司馬遼太郎さんの幕末の暗殺事件を題材とした連作短編集。重い話になるかと思いきや、ユーモアも交えて意外とからっとした読み心地。面白かった。

日本で歴史小説家といえば一番に名前が挙がるような方だと思うけど、実はこれまでそれほど読んでいない。「項羽と劉邦」「竜馬がゆく」「功名が辻」くらいだったろうか。前の二つは読んだのも遠い昔の学生時代である。有名すぎるが故に逆に手が出なかったというか、なんとなくど真ん中を避けたがる私の捻くれた性向が表れているのである。そういえば、ミステリーでも東野圭吾さんとかあんまり読んでないんだよなぁ。だいぶ年も取ったことだし、こういう妙なこだわりを早く捨て去りたい。
本書は、幕末の佐幕派と尊攘派の争いの中で起きた暗殺事件を描く12本の短編集である。ただ、その事件の歴史上の意義や位置づけを語るというより、暗殺者と、その被害者の個人的な体験を描く物語といえる。
例えば冒頭一本目の「桜田門外の変」。主人公は大老・井伊直弼を殺害した薩摩藩士、有村治左衛門である。治左衛門は三人兄弟の末っ子で、事件が発生した安政七年の前年に江戸詰めとなり、故郷の薩摩の国から出てきたばかりの、素朴で真面目な青年であった。
治左衛門は、安政の大獄で獄死させられた薩摩藩士、日下部伊三治の遺族である妻と娘と、江戸で家族同然の付き合いをしていた。大獄を主導した井伊への復讐を誓う遺族母娘は、暗殺実行の前日、治左衛門に娘との結婚を申し出るのである。
小説なので人物像はあくまで創作だと思うが、この結婚自体は記録に残っているそうである。幕府滅亡のきっかけとなったとも言われる事変の実行犯の素顔はこんな感じだったのかもと思わせる。
誰でも知っているような有名人が出てくる短編もある。八本目「死んでも死なぬ」の主人公は伊藤俊輔、後の伊藤博文である。

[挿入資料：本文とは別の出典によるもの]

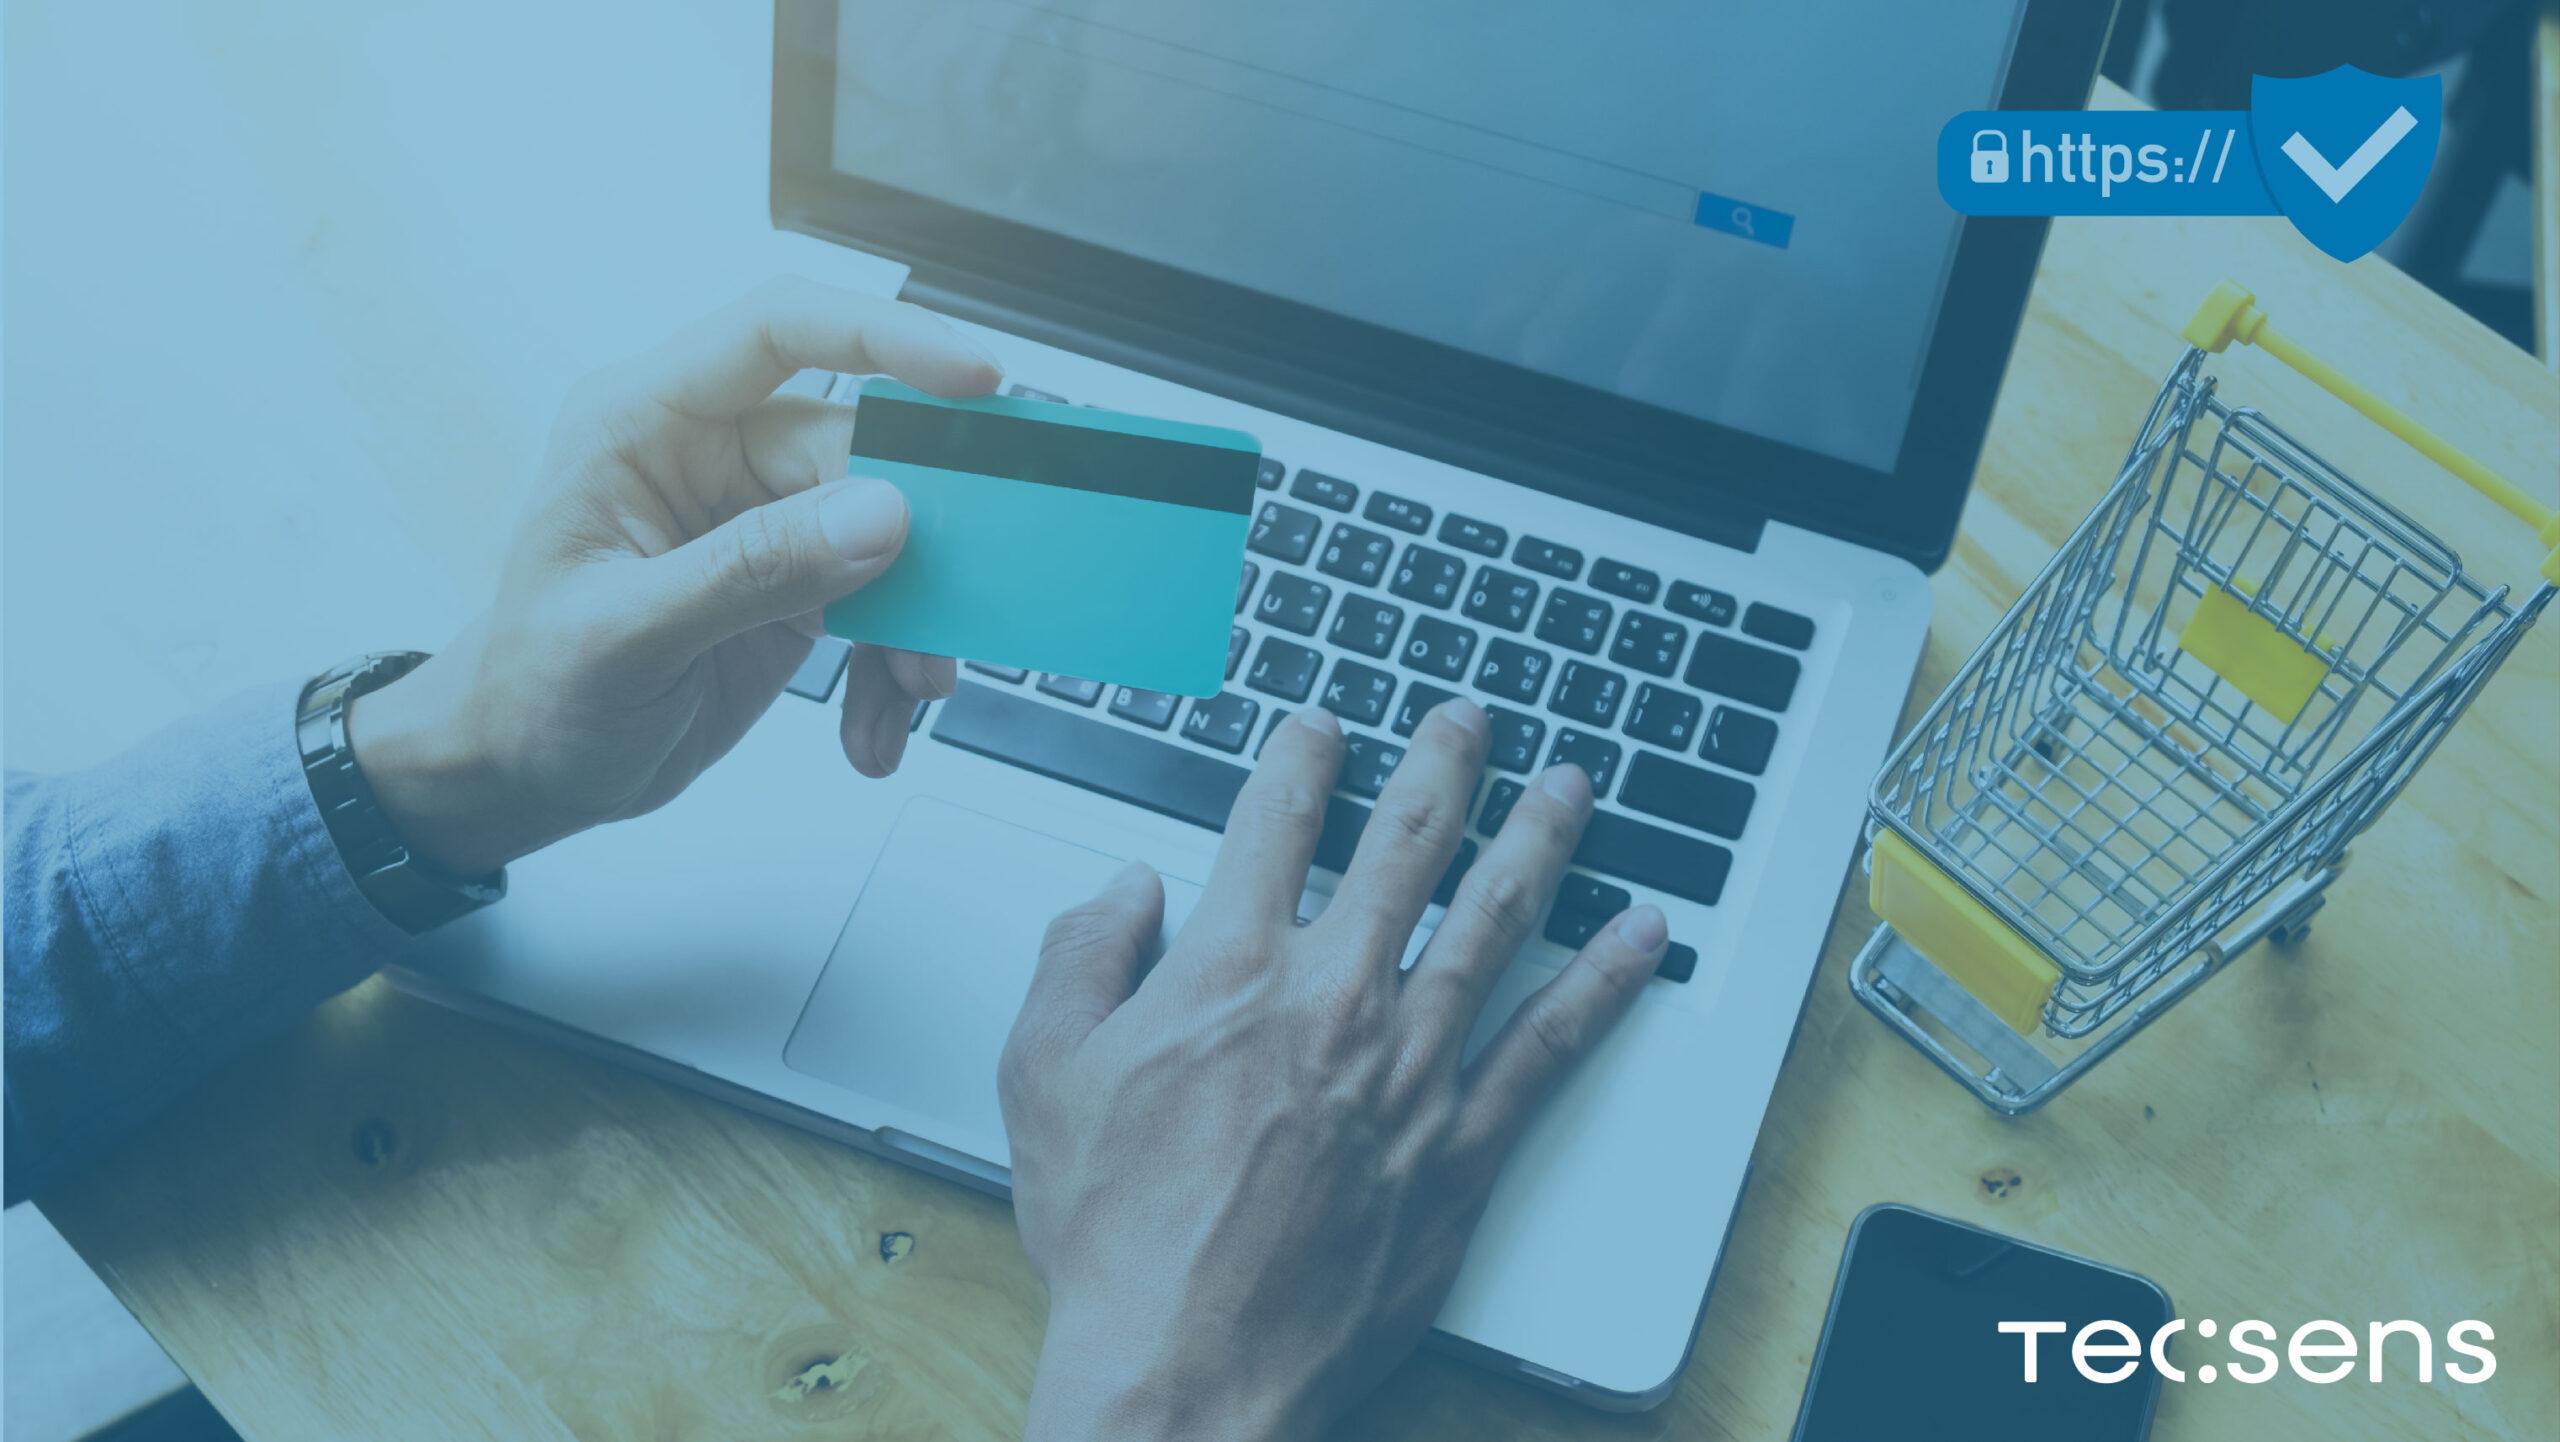 Per què és necessari el protocol HTTPS?

お札になっているような明治の元老が、暗殺事件の実行犯だったという事実に少々驚いたが、若き日の井上馨と共に、高杉晋作の使い走りみたいな立ち位置で暗殺のために悪戦苦闘する様がユーモアも交えて描かれて面白い。
全体としては、血沸き肉躍るようなエモーショナルなシーンはほとんどなく、冷静な書きっぷり。幕末の志士たちとはいっても、女性のことで悩んだり、行き当たりばったりな行動で失敗したり、お酒を飲んで気が大きくなったりと、案外普通の(と言っていいかはわからないが)若者たちだったんだなと思わせる。史実と創作の配分がうまいのだろうと思うけれど、佐幕派、尊攘派のどちらに肩入れするともなく、フラットに描かれているように思え、リアリティを感じられる短編集であった。